*Directions for this task*: Your copy runs from the line containing "ITZY 'CHESHIRE' - Soundwave" through the last line of the listing, both included. Restate those lines word for word and leave out pictures.

*Dataset content*:
┄┄┄┄┄┄

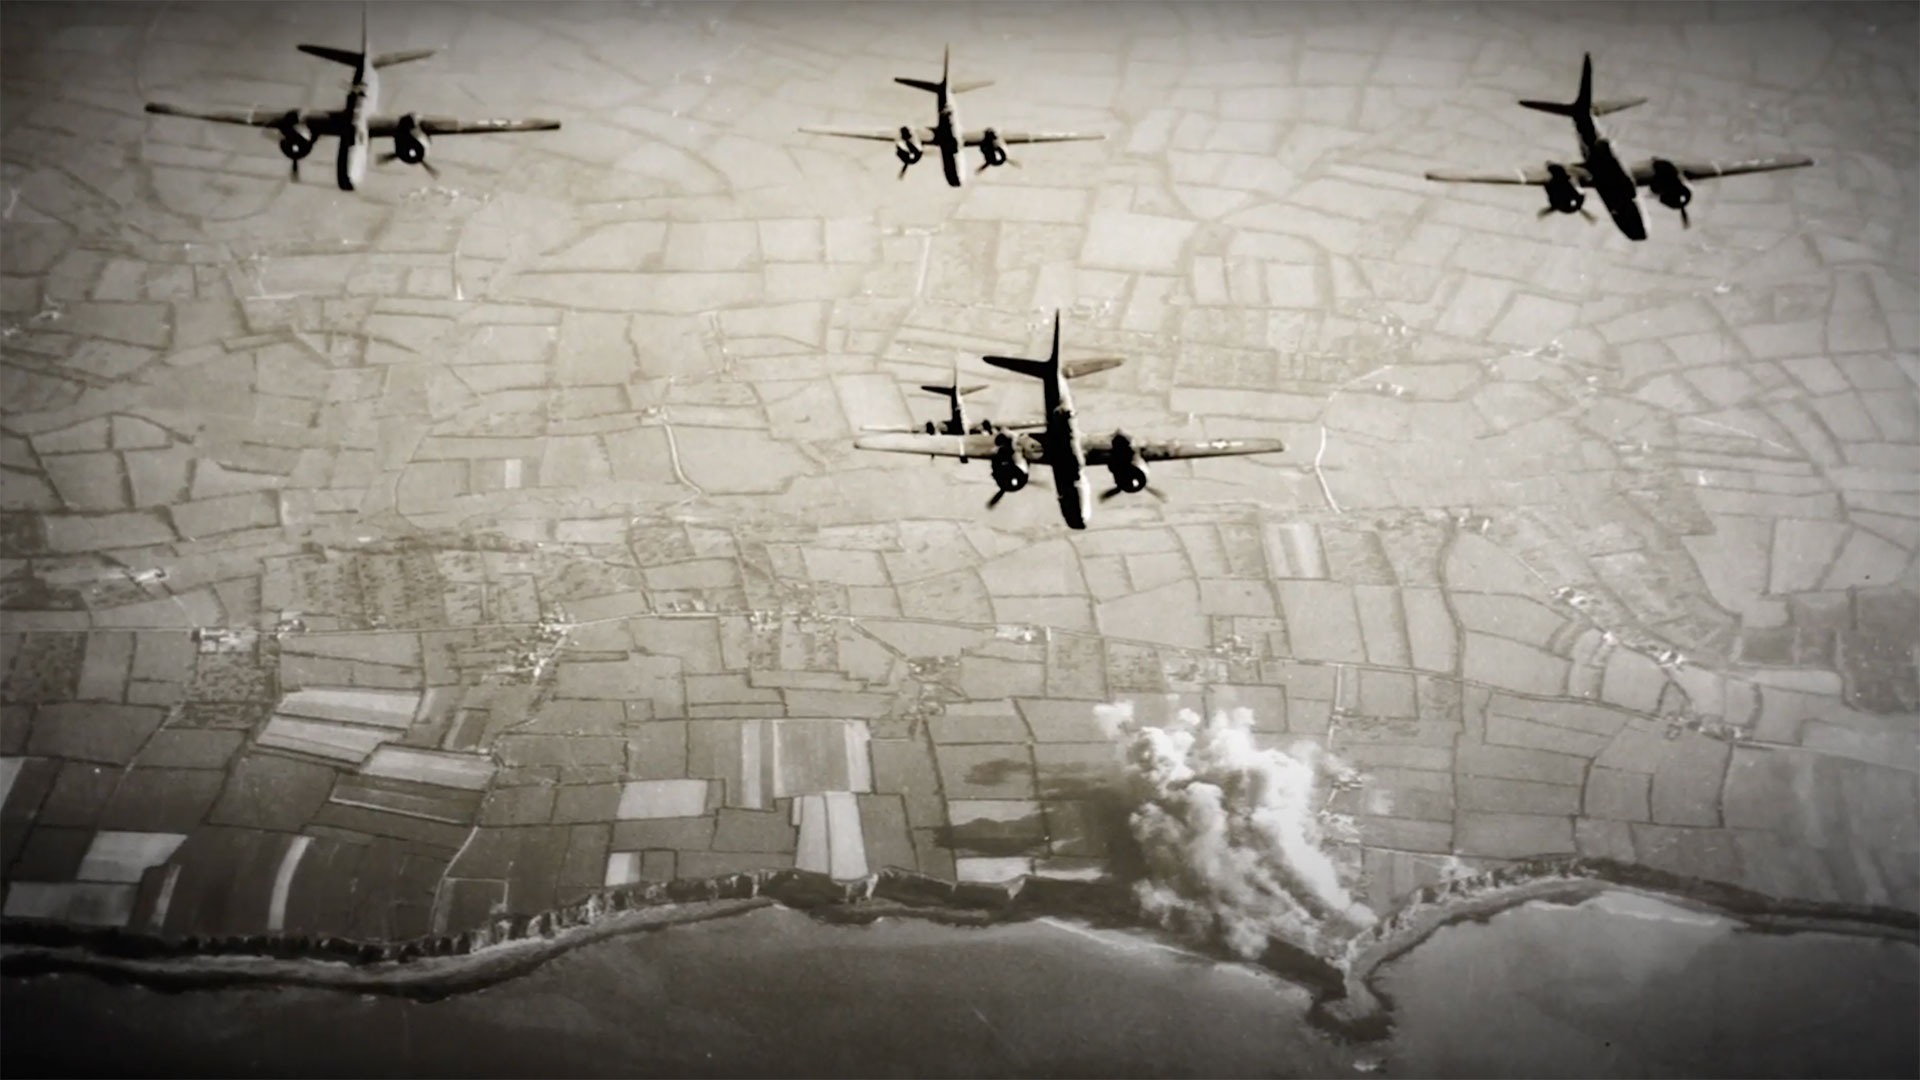 A photo of U.S. A-20 Havoc bombers during a bombing run over Pointe du Hoc before D-Day.
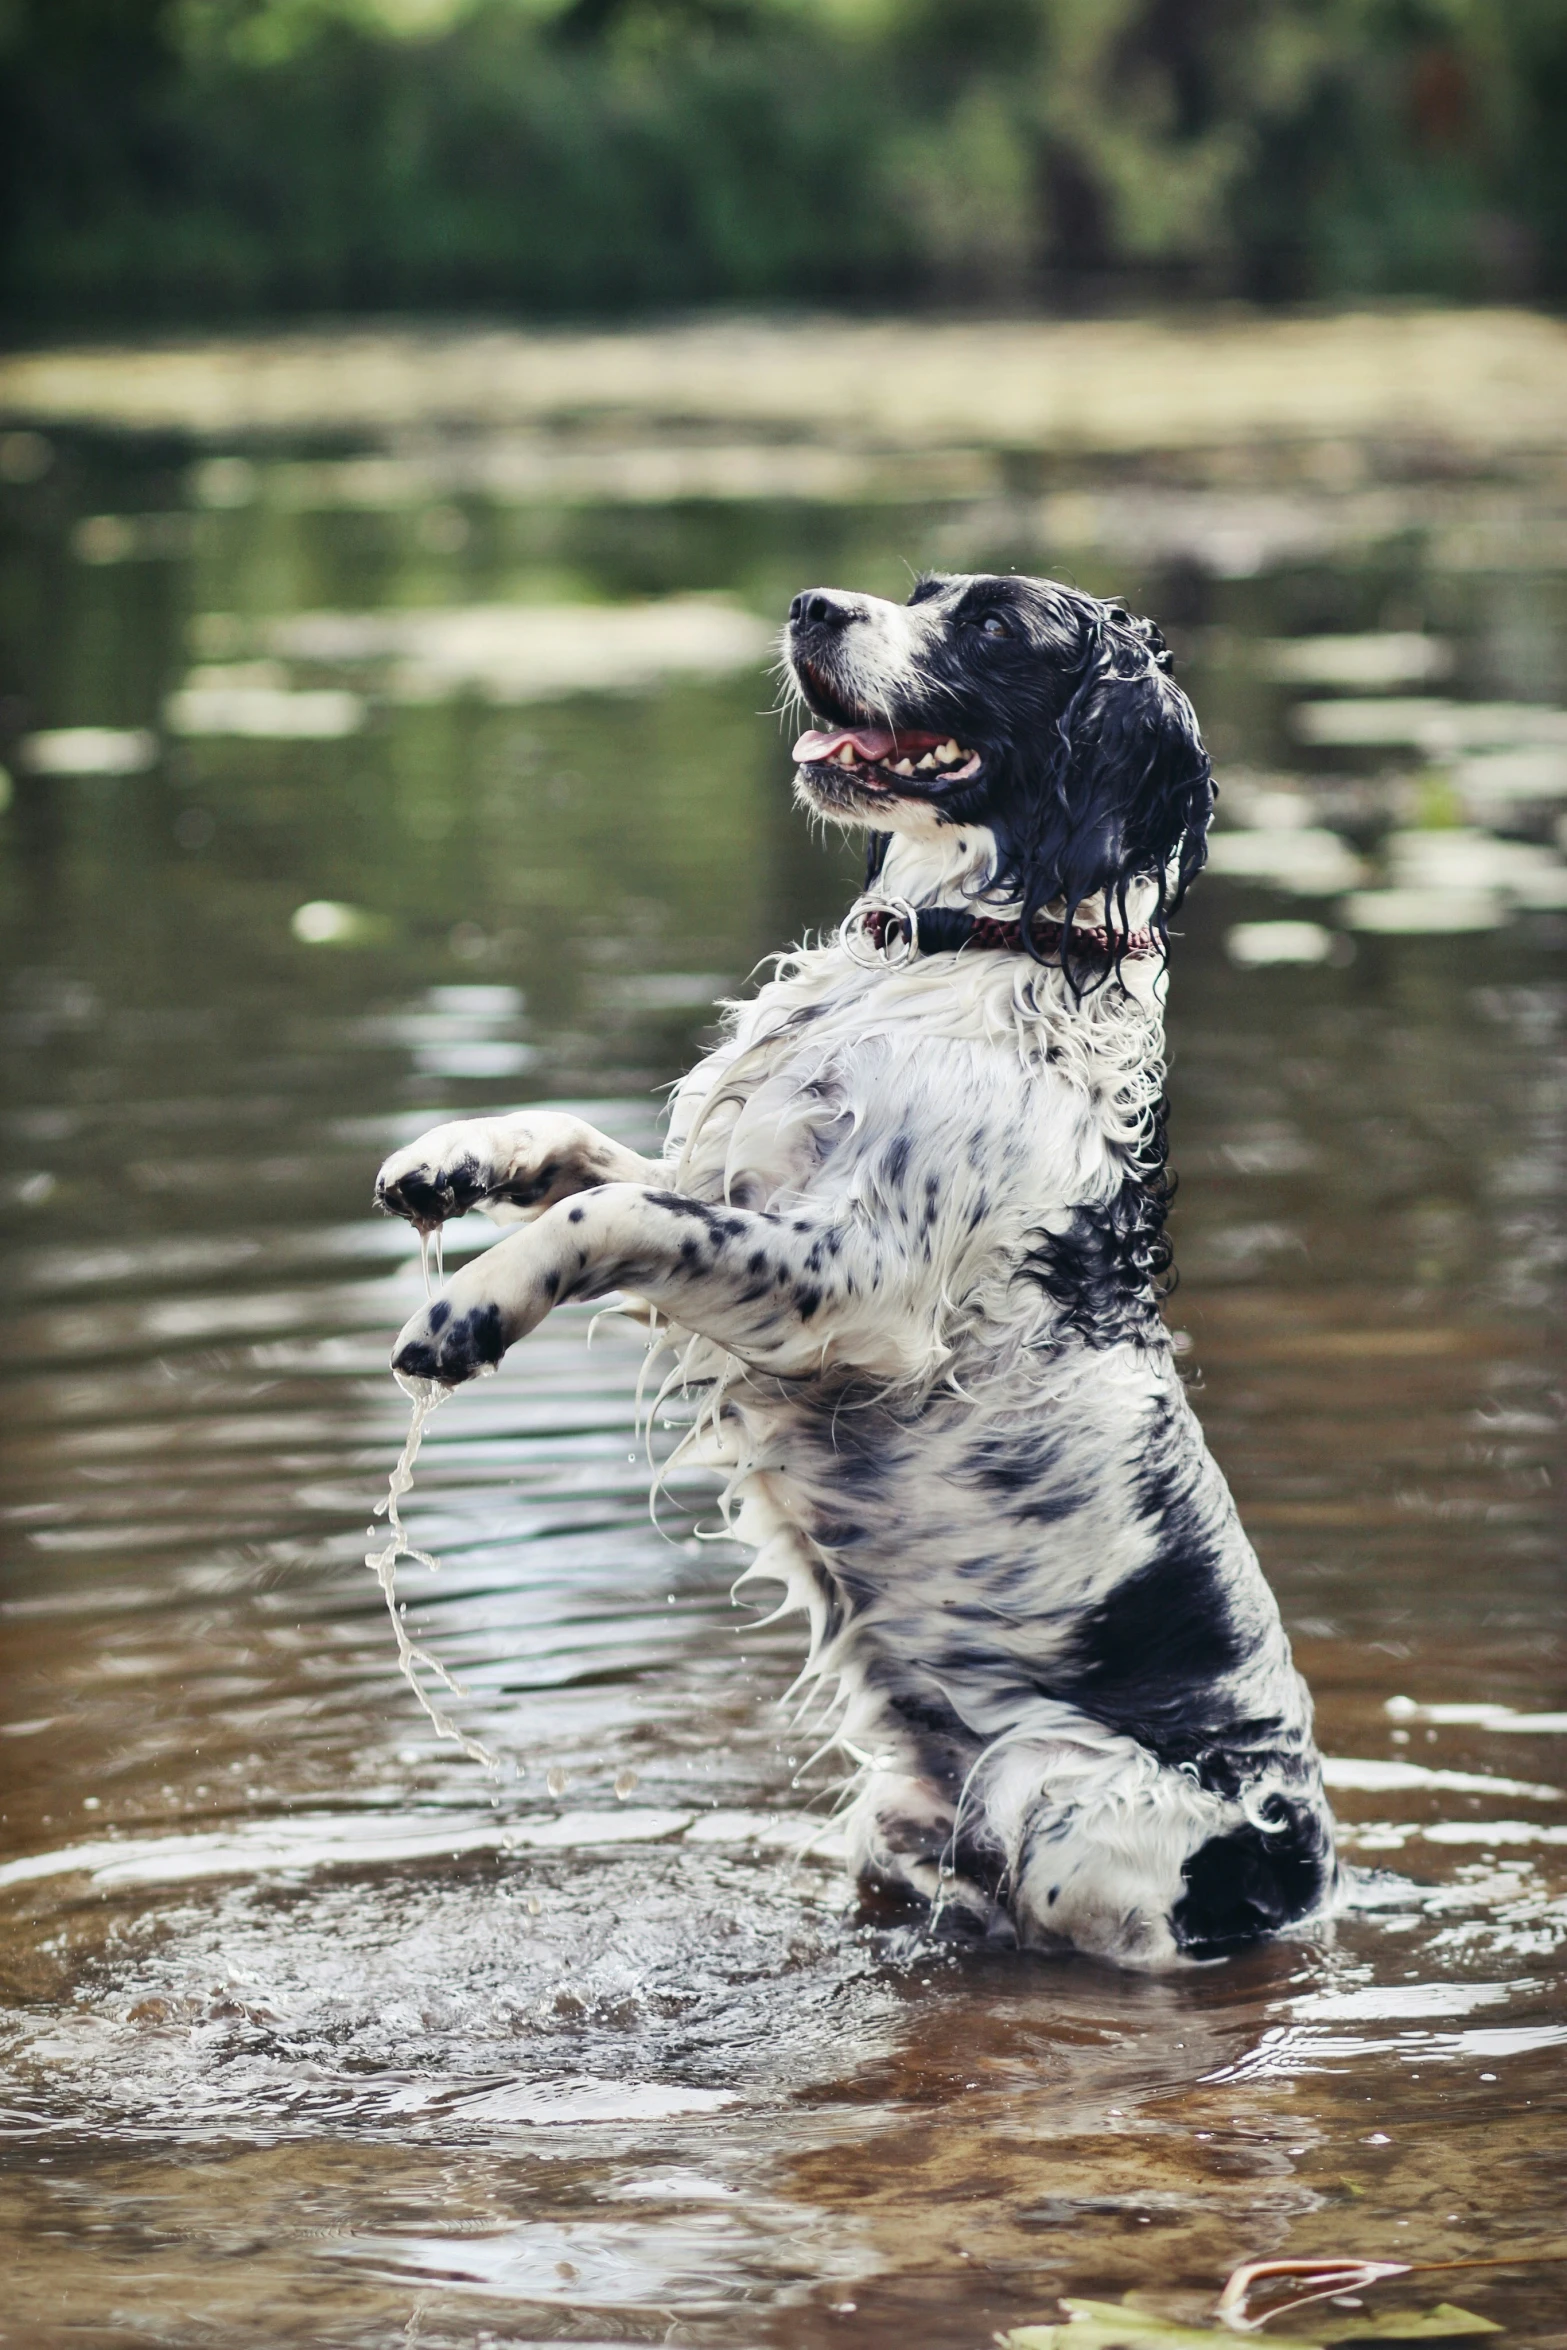 a black and white dog jumping into water
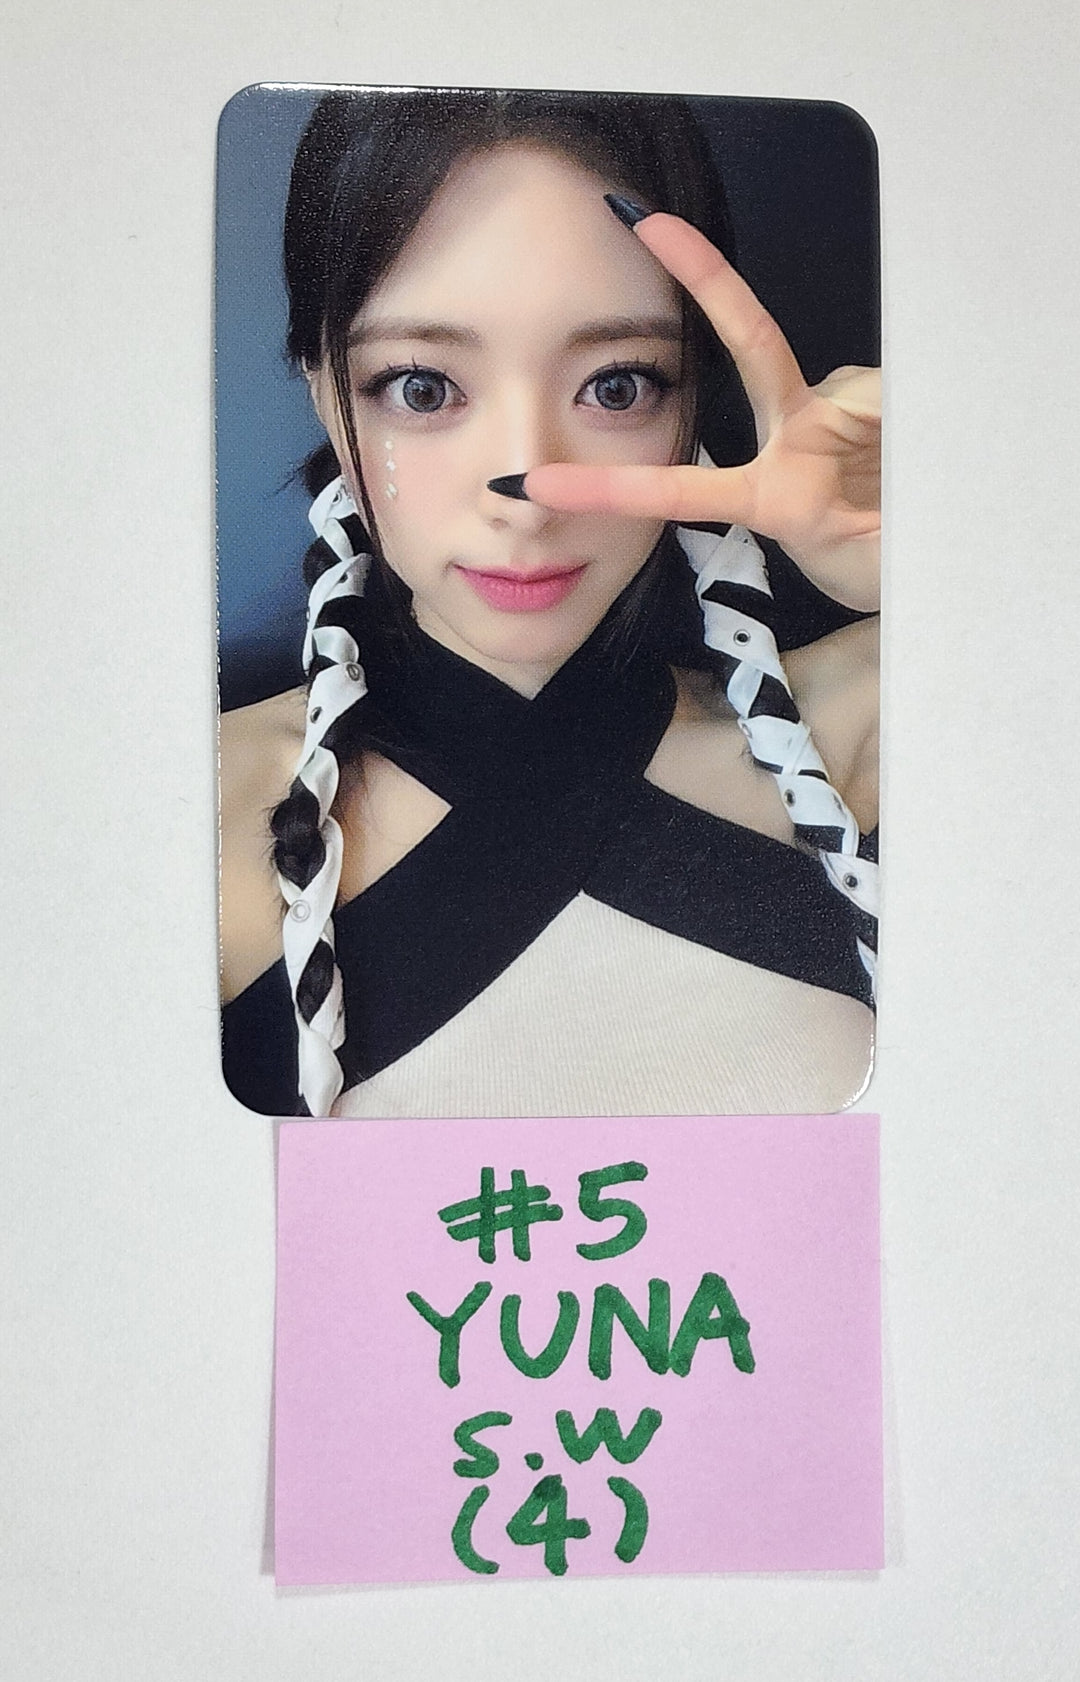 ITZY 'CHESHIRE' - Soundwave Fansign Event Photocard
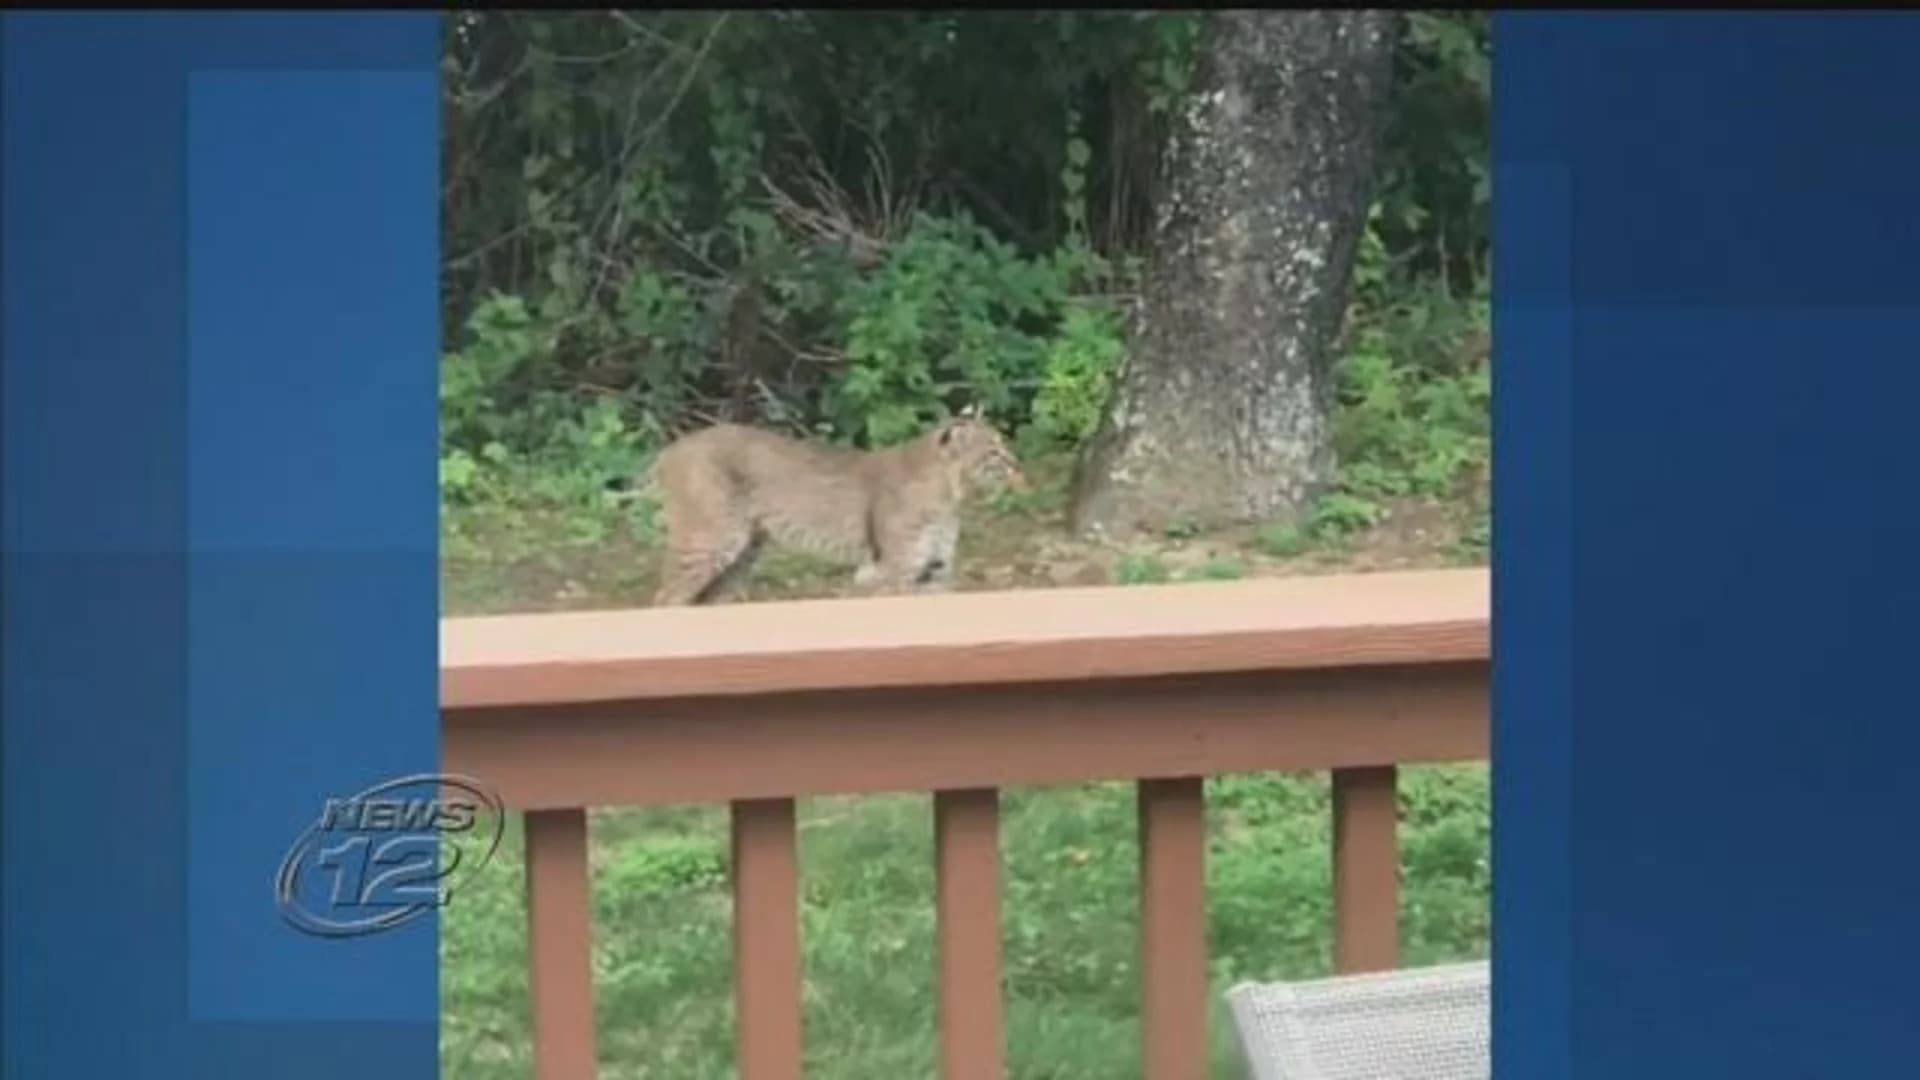 News 12's Most-Viewed: #3 - Officials issue bobcat warning in Orange County

┄┄┄┄┄┄

*Answer*:
 ITZY 'CHESHIRE' - Soundwave Fansign Event Photocard
 News 12's Most-Viewed: #3 - Officials issue bobcat warning in Orange County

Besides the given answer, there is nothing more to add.